Sunday, November 25, 2018

The Midnight Line by Lee Child

I just randomly pull Reacher's out when I can get them. I'm not these need to be read in order, so if the library has one, I get it. I still cannot get over the description of Reacher (Bigfoot, Incredible Hulk) and correlate that to Tom Cruise (Reacher in the movies).  How did that even happen?

The Midnight Line had a weird premise. Reacher finds a West Point class ring in a pawn shop. He wants to find it's owner. That's how the story starts and that's what prompts Reacher on this crazy-ass trip across the Midwest. The pawn shop owner is the first stop for intel, obviously, which leads to Jimmy Rat and his hoodlums which leads to Scorpio and his "laundromat" that is clearly a front for something else.

Which leads to the middle of Wyoming, Mule Crossing, to be exact. 

Reacher teams up with a PI, hunting for the sister of his client, and the sister herself. It turns out that the missing sister belongs to the West Point ring.

What we end up in the middle of is a drug ring. It's interesting and a bit terrifying, if this is our future in the opiod epidemic, but a good ride, nonetheless.

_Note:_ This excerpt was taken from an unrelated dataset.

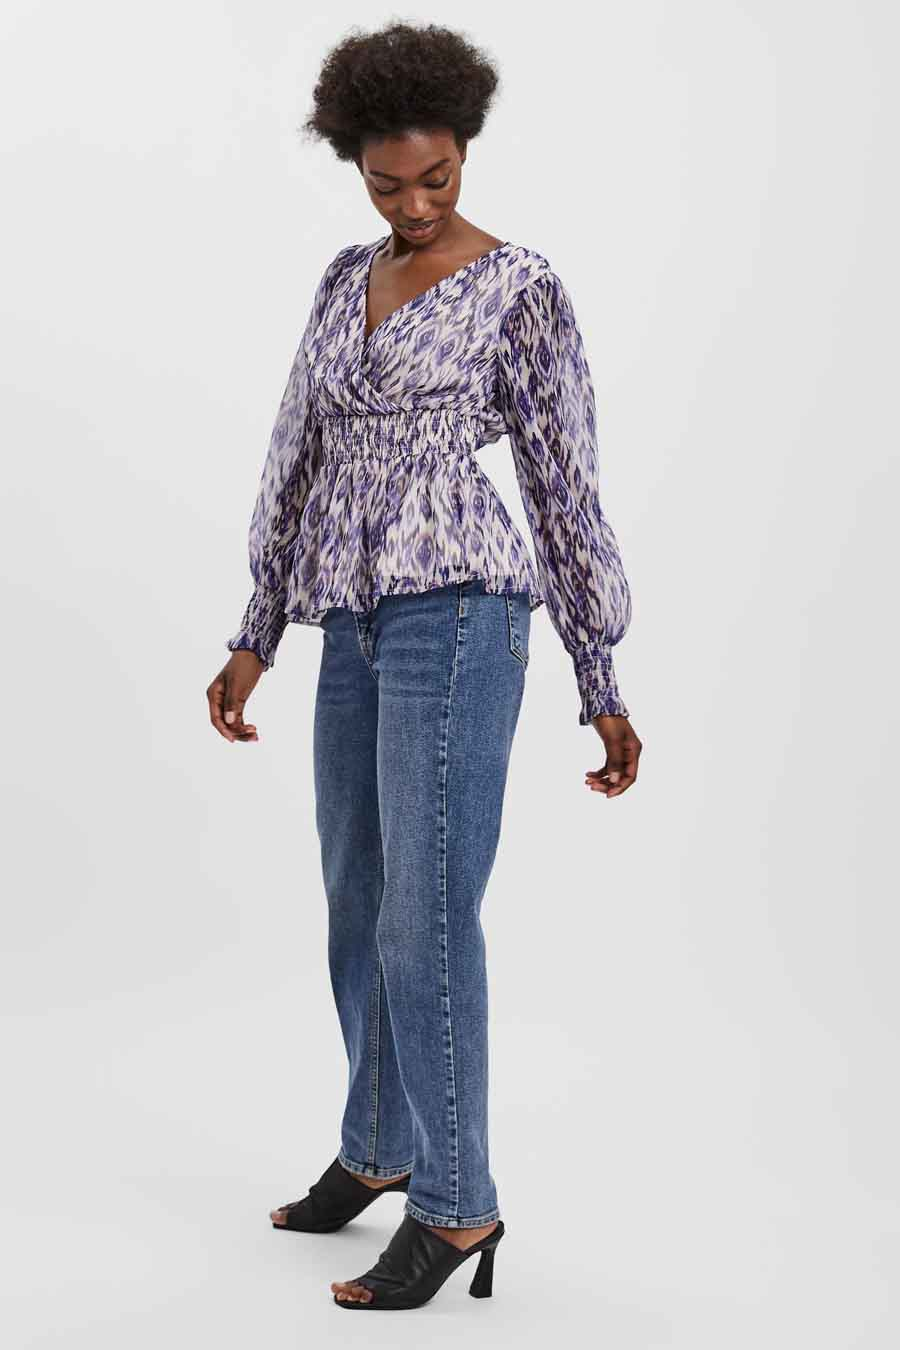 Vero Moda® Blouse lange mouwen, Beige, Dames, Maat: L/M/S/XL/XS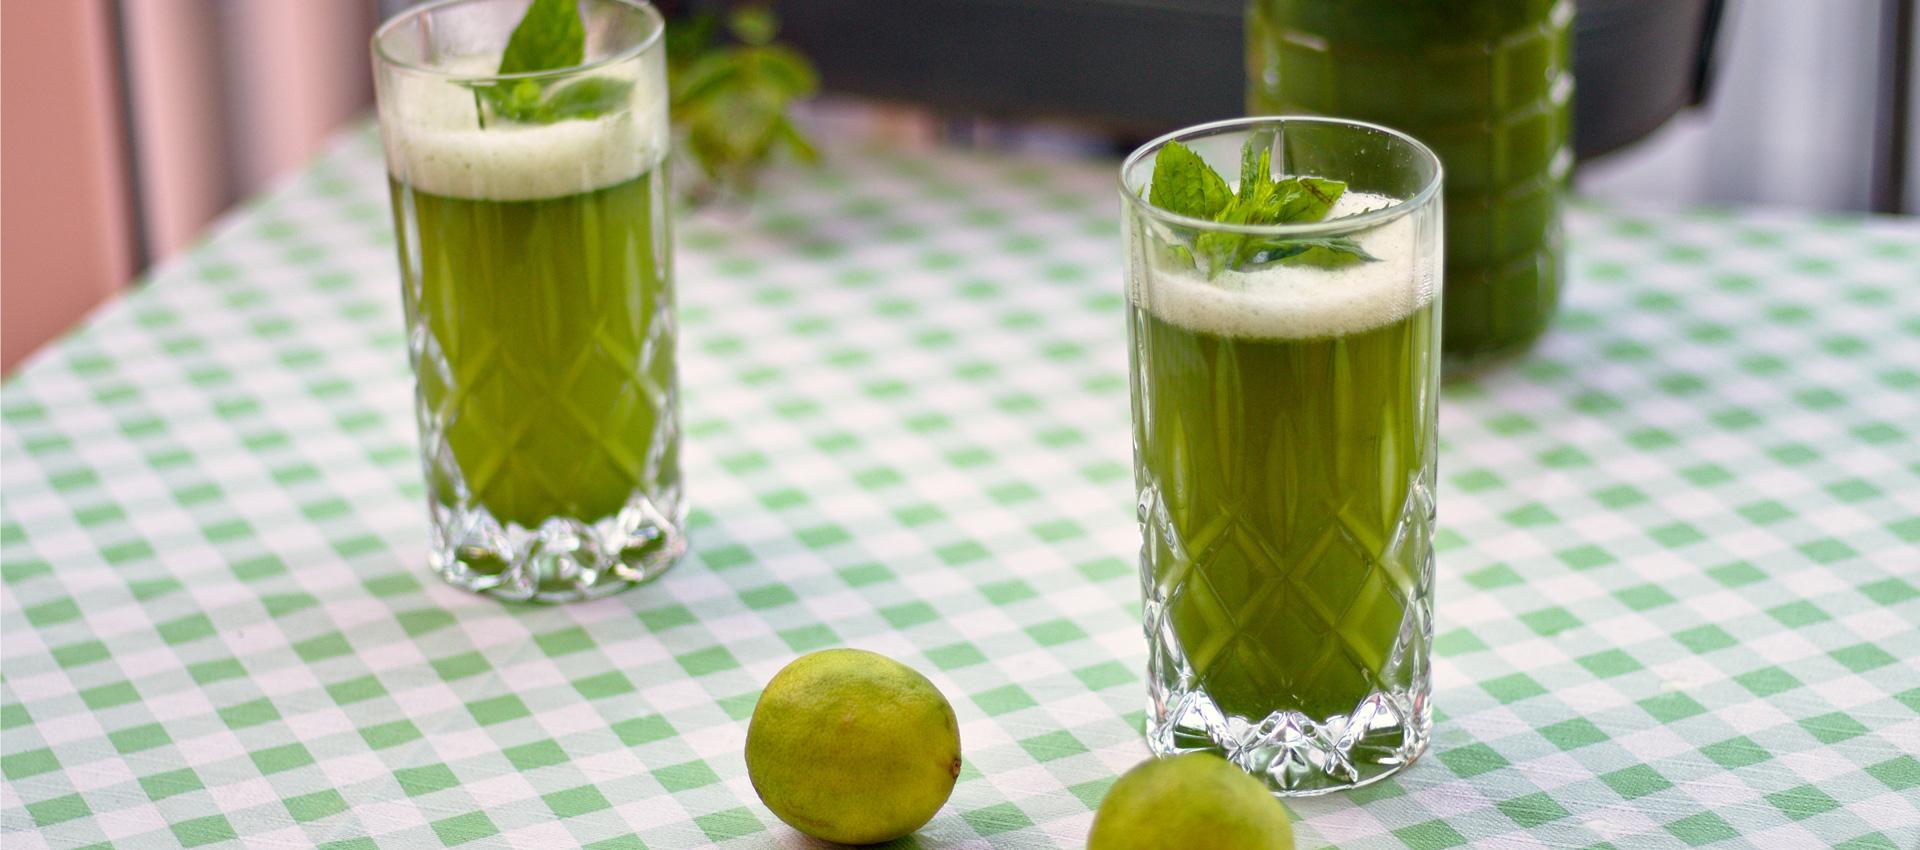 Rezept für Limetten-Minz-Limonana

I don't feel that Reacher's heart was in this one as much as the other novels I've read. The ring seemed like a weak premise to start this adventure and it seemed to be the only thing Reacher thought of. People died? Ok, gotta return the ring. Hot woman next to you? Ok, gotta return the ring. Someone ate by a bear? Ok, gotta return the ring.

It was good but....slightly off.


Sunday, November 18, 2018

Spider Bones by Kathy Reichs

This is 13th in the Temperance Brennan series (Bones TV show was based on this series). I say this with every Brennan book and I'll say it again: this series is 1000 times better than the show. I liked the show at first but then, I didn't.

You might know that Brennan is a forensic anthropologist and spends her time between Montreal and North Carolina, doing whatever work is needed for any case that needs her. She's called to a body that was found wrapped in plastic and weighted down with a rock tied around the ankle, sunk in a pond. At first, it seems like murder. Until, the body is unwrapped and it's discovered that it was autoerotic activity. The fact that the male victim was dressed like a naughty nurse was a good first clue.

The victim was ID'd by fingerprints as John 'Spider' Lowery....

who died in Vietnam in 1968.

So who is buried in Lowery's grave in America? Brennan exhumes the body and, at the insistence of Lowery's father, accompanies the body to Hawaii for identification.

Things get very screwy with at least 4 bodies appearing without ID and bodies showing up and getting incorrectly ID'd. Detective Ryan comes to Hawaii (and continues hitting on Brennan) to help investigate when the plastic-wrapped body's DNA did not match Lowery's mother's DNA.  Something is seriously a miss.

I figured it out half a page before Brennan realized the whole picture and that was near the end of the book. It was one curvy, weird ride and I liked it!


Saturday, November 17, 2018

The Woman in White by Wilkie Collins

Listed as the best book you've never heard of and it's true! Published in the 1859, this is a classic that isn't as known (but should be). I've been talking this up to all my bookish friends and I've not come across one who has heard of it. This, my friends, is the basis of detective fiction novels. Doyle based his character and stories on this novel. It was initially published as a serial so essentially each chapter ends as a cliffhanger and just keeps forcing you to read and curse anything that tries to distract you.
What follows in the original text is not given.